Wild mink eat a wide variety of land and water creatures including mice, muskrats, birds, bird eggs, snakes, salamanders, frogs, fish, crayfish, freshwater clams and mussels. They forage in the water, in marshland and along shorelines of lakes, ponds and streams. They forage all year, mostly at night. They track mainly by scent, then by sight in direct pursuit. Typically, they kill by biting prey at the base of the skull. Males are territorial and mark their turf with musk scent.
Mink will dig breeding dens under trees, stumps or rocks near water. Or they will use abandoned muskrat burrows. They are sexually mature at 1 year of age. They mate in late winter and give birth in April or May after a 2-month gestation. The average litter is four but they can birth up to 10 when conditions are right. Males don't participate in raising young. The young are weaned at 6 weeks, but stay around the birth den until autumn, when they disperse to find their own territory.
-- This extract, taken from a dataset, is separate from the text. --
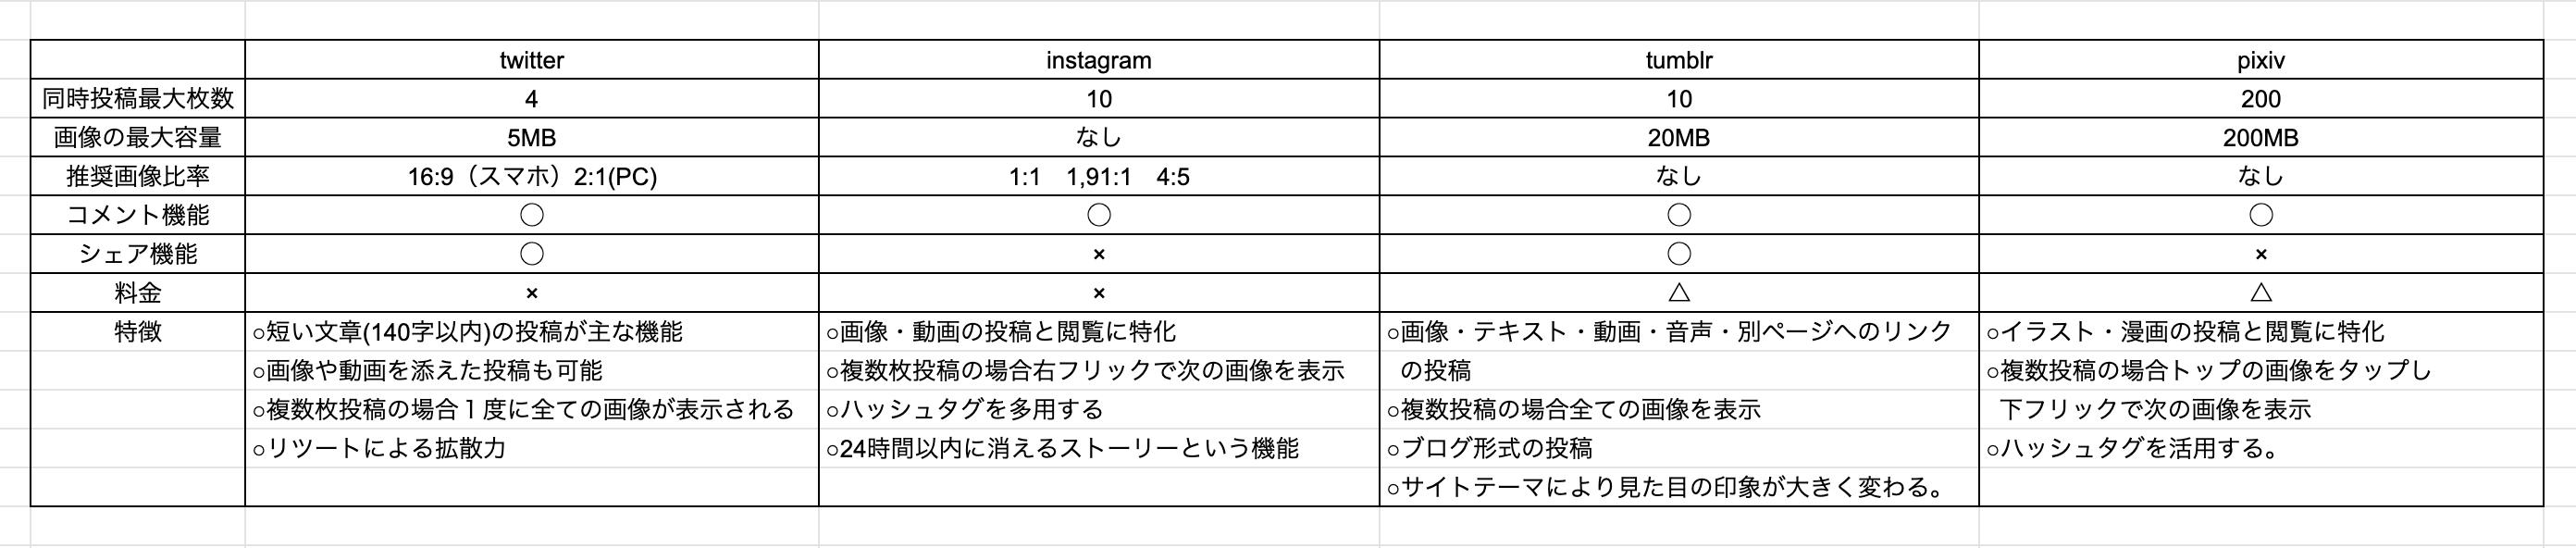 toku-min.png
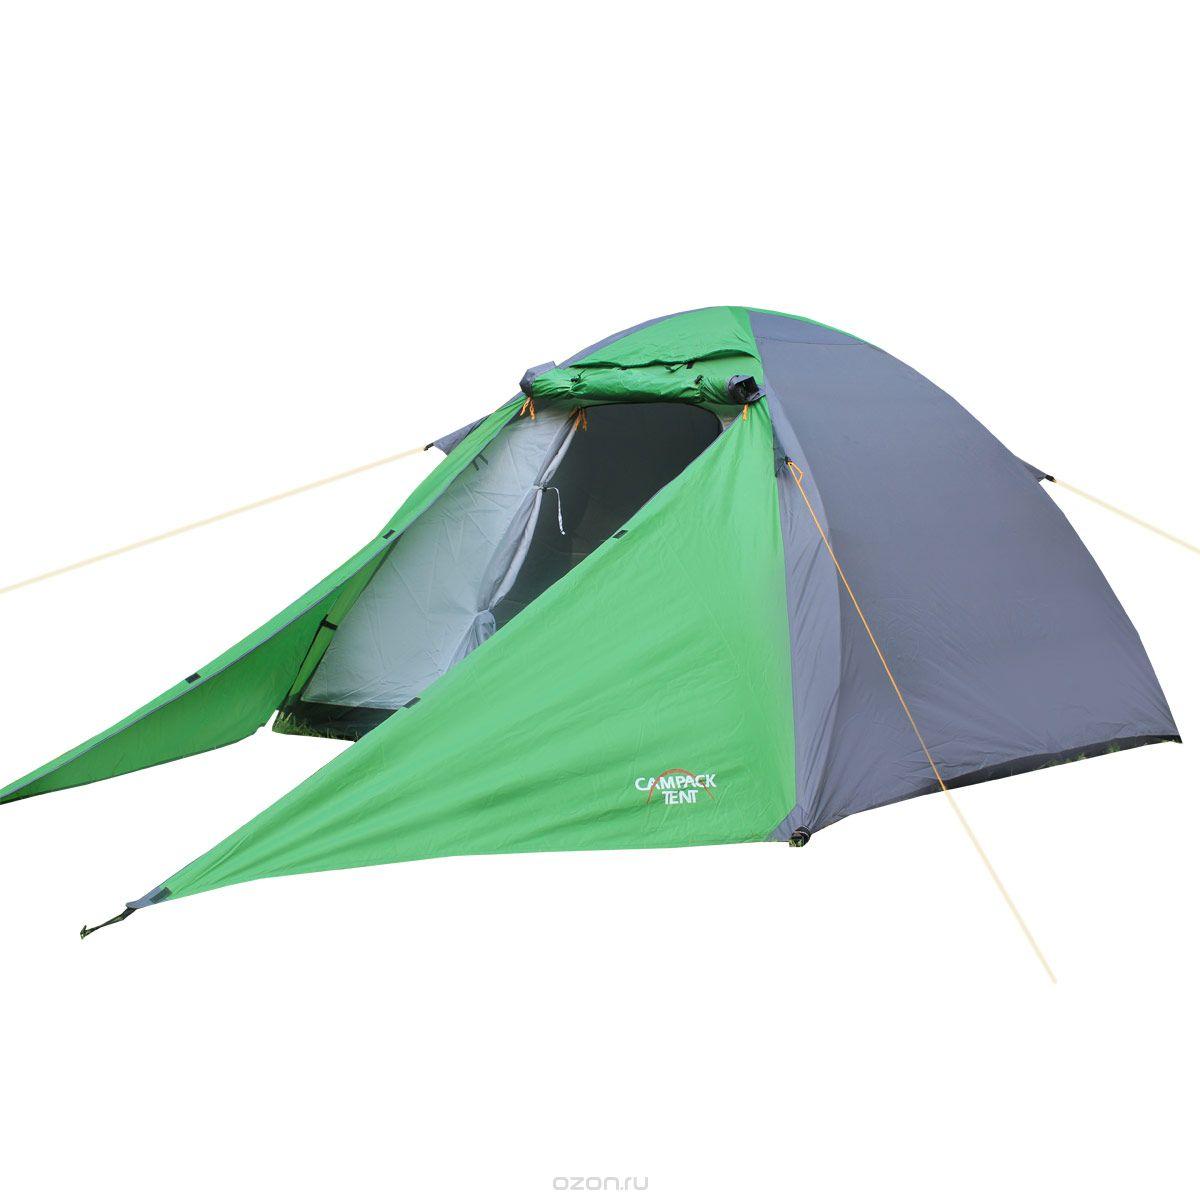 Палатка туристическая CAMPACK-TENT Forest Explorer Палатки<br>Универсальная купольная палатка для несложных <br>походов и семейного отдыха на природе. Высокопрочное <br>дно изготовлено из армированного полиэтилена, <br>не пропускает влагу и устойчиво к истиранию. <br>Каркас, изготовленный из фибергласса, обеспечивает <br>надежность и устойчивость. Палатка оснащена <br>увеличенными вентиляционными окнами, клапаном <br>от косого дождя и двухслойной дверью с цветными <br>молниями. Дополнительный пол в тамбуре <br>позволяет обеспечить больший комфорт при <br>эксплуатации. Внутри палатки имеется подвеска <br>для фонаря и карманы для хранения мелочей. <br>Проклеенные швы гарантируют герметичность <br>и надежность в любой ситуации. Ткань тента:190T <br>P. Taffeta PU 3000MM Ткань палатки:170T P. Taffeta + MESH Ткань <br>дна:Tarpauling Вес: 4,7 кг Диаметр дуг: 9,5 мм Ремнабор: <br>Самоклеющиеся заплатки 100 х 100 мм из ткани <br>190T P. Taffeta PU 3000MM<br>

Most mink pelts used in the fur trade come from farms, says the Montana Trappers Association website. Mink are farmed in the United States, Canada, Russia, Scandinavia, Western Europe and China. The U.S. has more than 4,000 farms raising mink and other fur-bearing animals, generating in 2009 some $250 million in revenue. Fur farmers, like other livestock growers, have selectively bred animals for desired characteristics and no longer take animals from the wild. Fur farms in the U.S. adhere to humane treatment standards of the U.S. Fur Farm Animal Welfare Coalition and state agriculture agencies. The standards address nutrition, housing, veterinary care and killing methods.